There were three teenagers sitting at one of the tables, and a man and a little boy who was dressed as Buzz Lightyear (Evan had worshipped Buzz Lightyear) and when she walked through the door some bells jingled and the little boy laughed, although probably not at the bells.

There was a huge bearded guy behind the counter with bulging, tattooed muscles. He was not the injured sandwich farmer, whose picture she knew from the newspaper. This guy was in his thirties and looked like he could snap a masked kidnapper in two. Perhaps he had been hired expressly for this purpose.

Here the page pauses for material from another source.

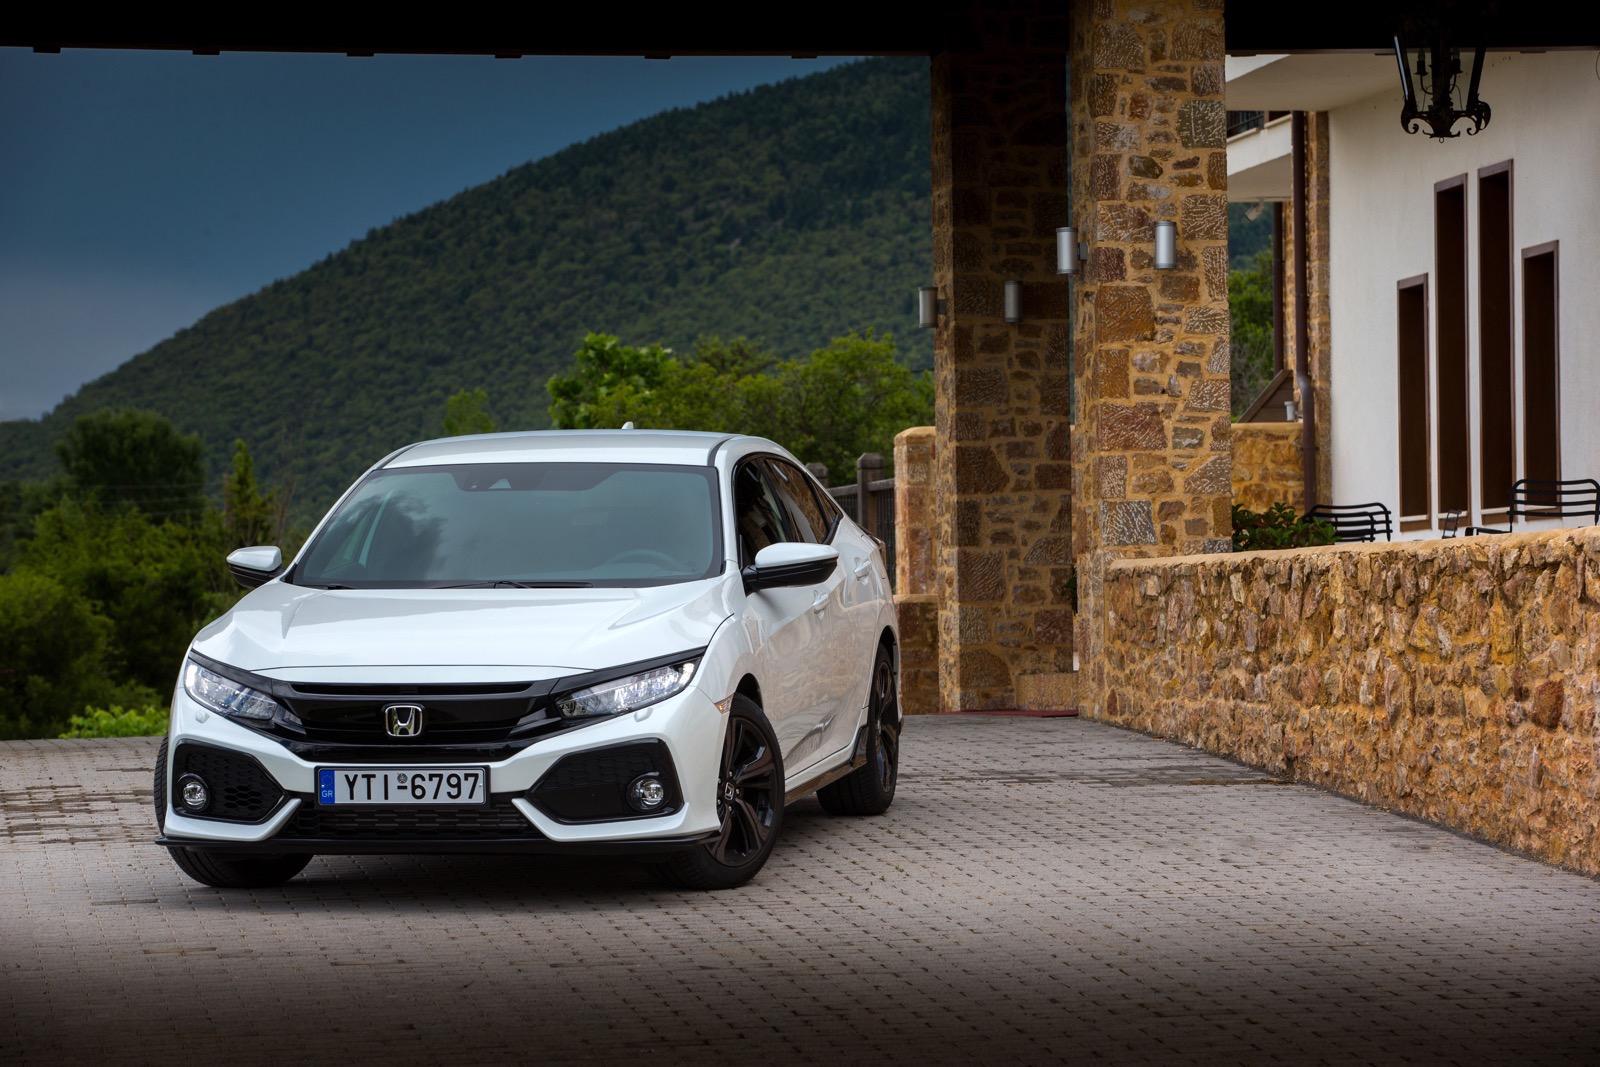 New_Honda_Civic_First_Drive_62

“Do you have coffee?” she asked.

This was it. This was the spot. Claire was seized with the urge to take off her shoes. Socks, too. She wanted to be barefoot on this floor, on this cold and sticky slab. This was where her daughter had lain down, her cheek flattened against the chill, where Lisa had lain down, where the two girls had stared at each other before one was taken. This was where her daughter had believed she was going to die, had thought . . . what? Claire had never asked. How could you ask? Wouldn’t it be cruel to ask, to force her to relive that moment, rethink those thoughts?

“Black, yes,” she said.

Had the girls said anything at all, in those minutes (how many? three? four?) leading up to Lisa’s abduction? She had heard Meredith’s story of that afternoon repeated to the police at least a half dozen times, and there had never been mention of any talking, though surely even if they had not spoken, something, some message, some understanding, must have passed in that narrow gap between them, those few inches that separated their faces, that space—this space she inhabited now—that a thousand ankles had breached since. A look. A gesture.

She was standing where the man had stood. She looked down at her own feet, saw the floor from his perspective, imagined this thought: I will pick something up from this floor. I will pick something.